▶ [Exercise aim] For this listing, reproduce the line with "Thermador DWHD94EP, DWHD94BS, DWHD94BP", the line with "A dead reef", and the lines between, exactly as they stand. Leave out pictures and all other lines.

▶ [Data section]
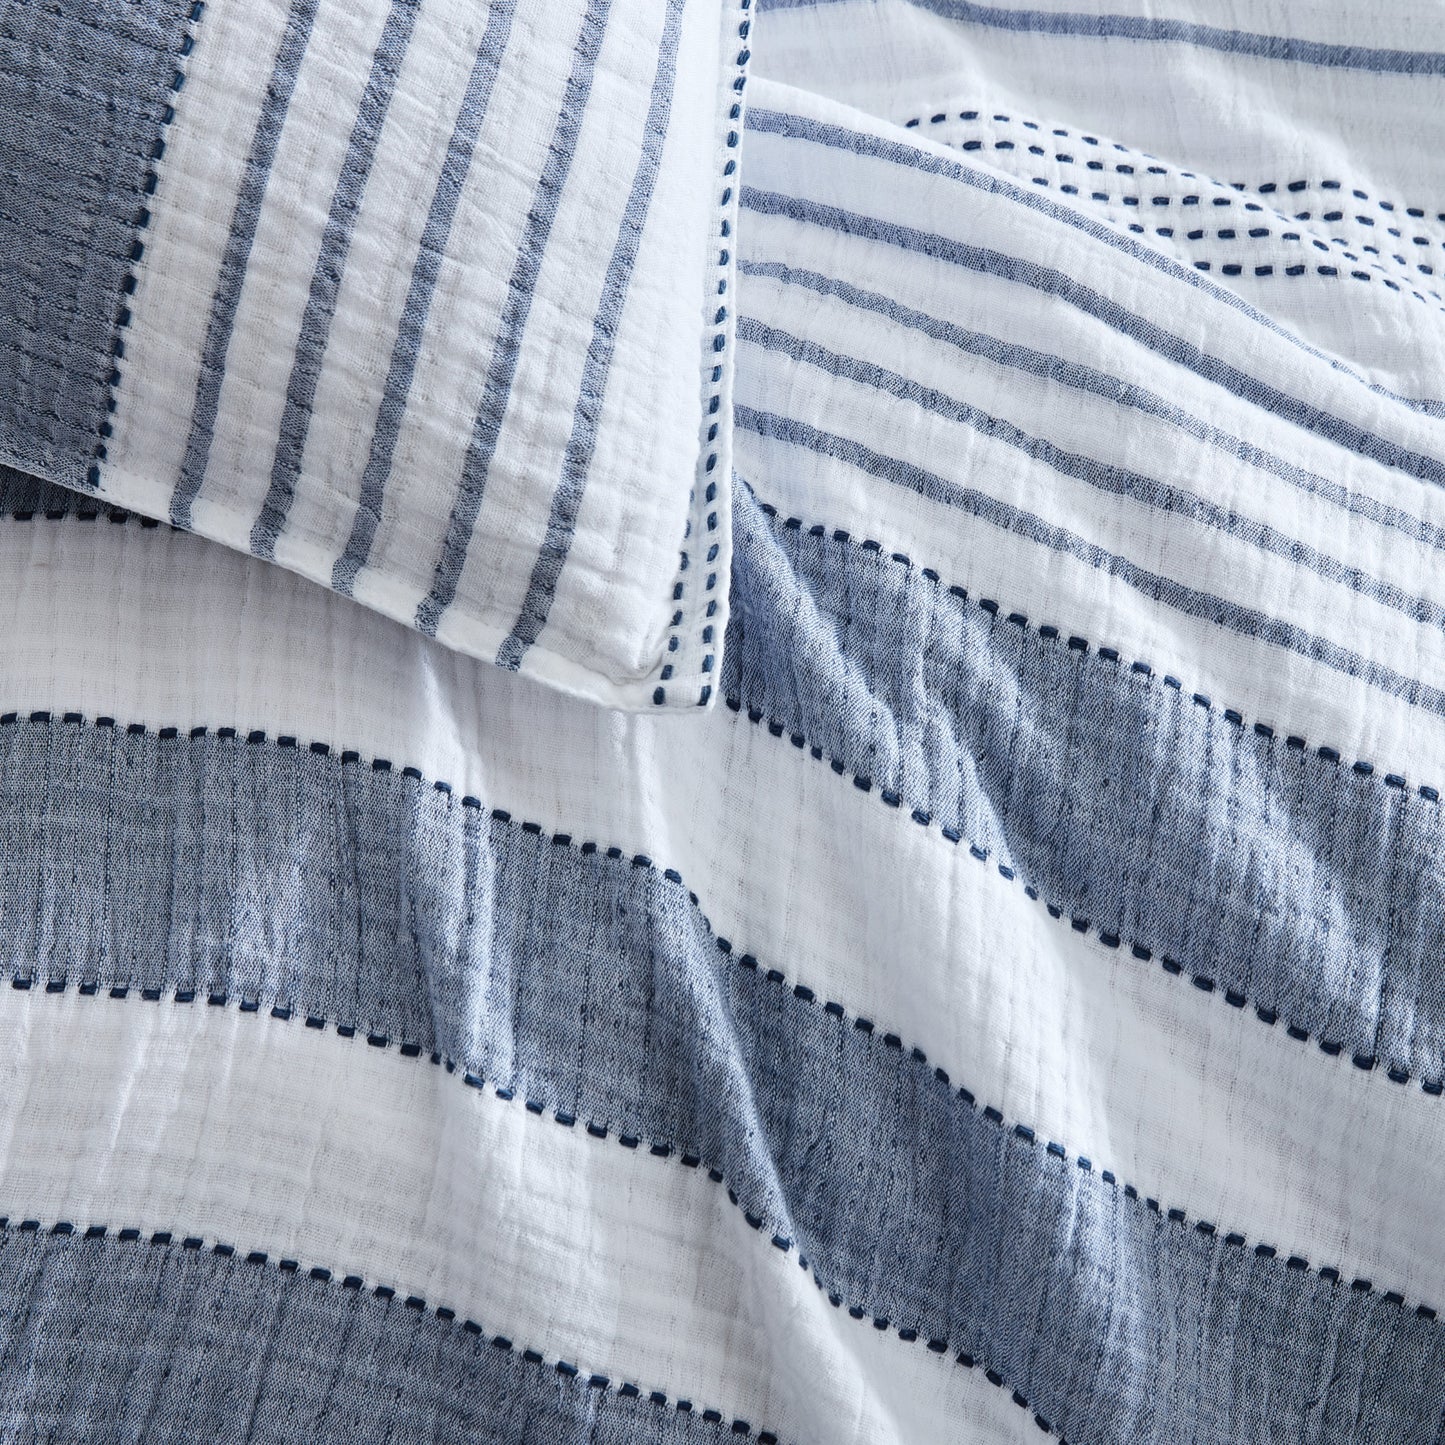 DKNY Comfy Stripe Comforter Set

--

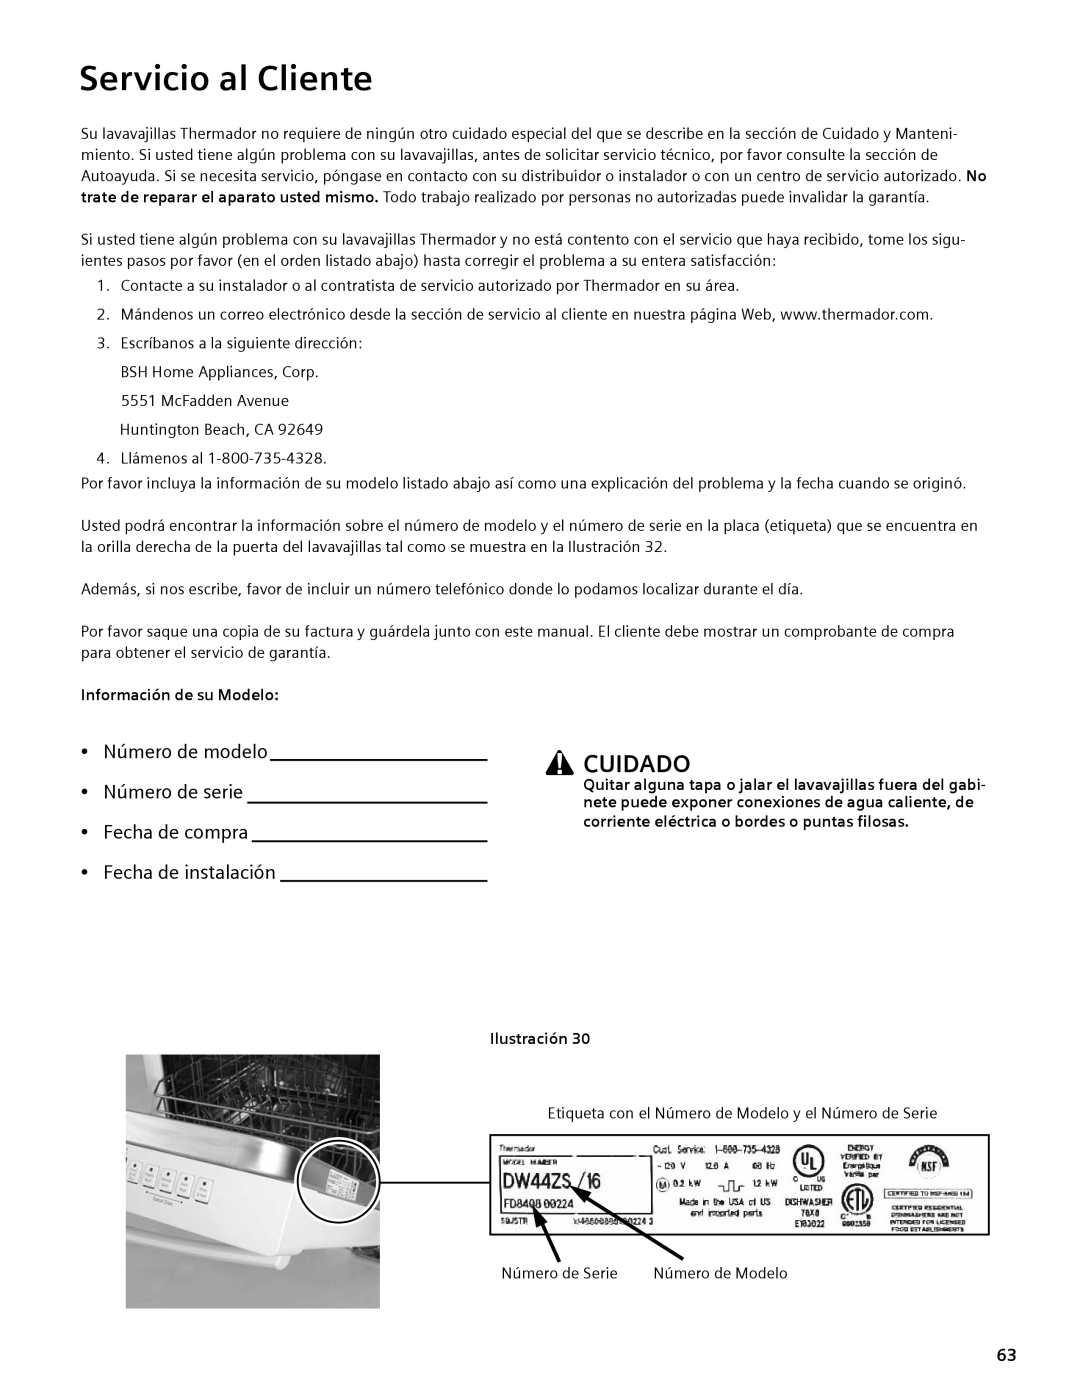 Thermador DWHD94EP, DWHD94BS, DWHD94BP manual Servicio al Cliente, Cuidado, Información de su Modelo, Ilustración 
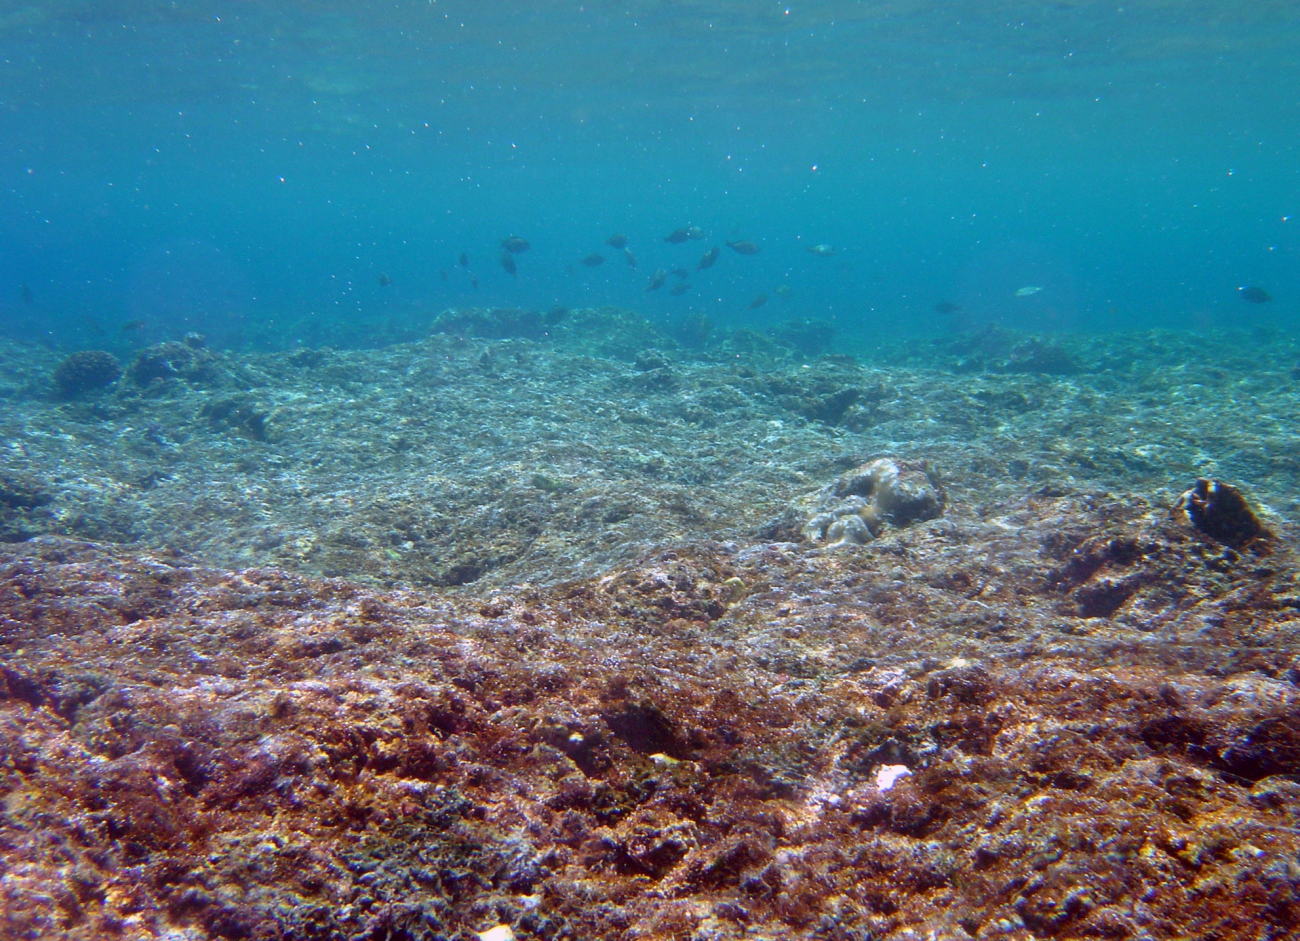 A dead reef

▶ [Worked solution]
 Thermador DWHD94EP, DWHD94BS, DWHD94BP manual Servicio al Cliente, Cuidado, Información de su Modelo, Ilustración 
 A dead reef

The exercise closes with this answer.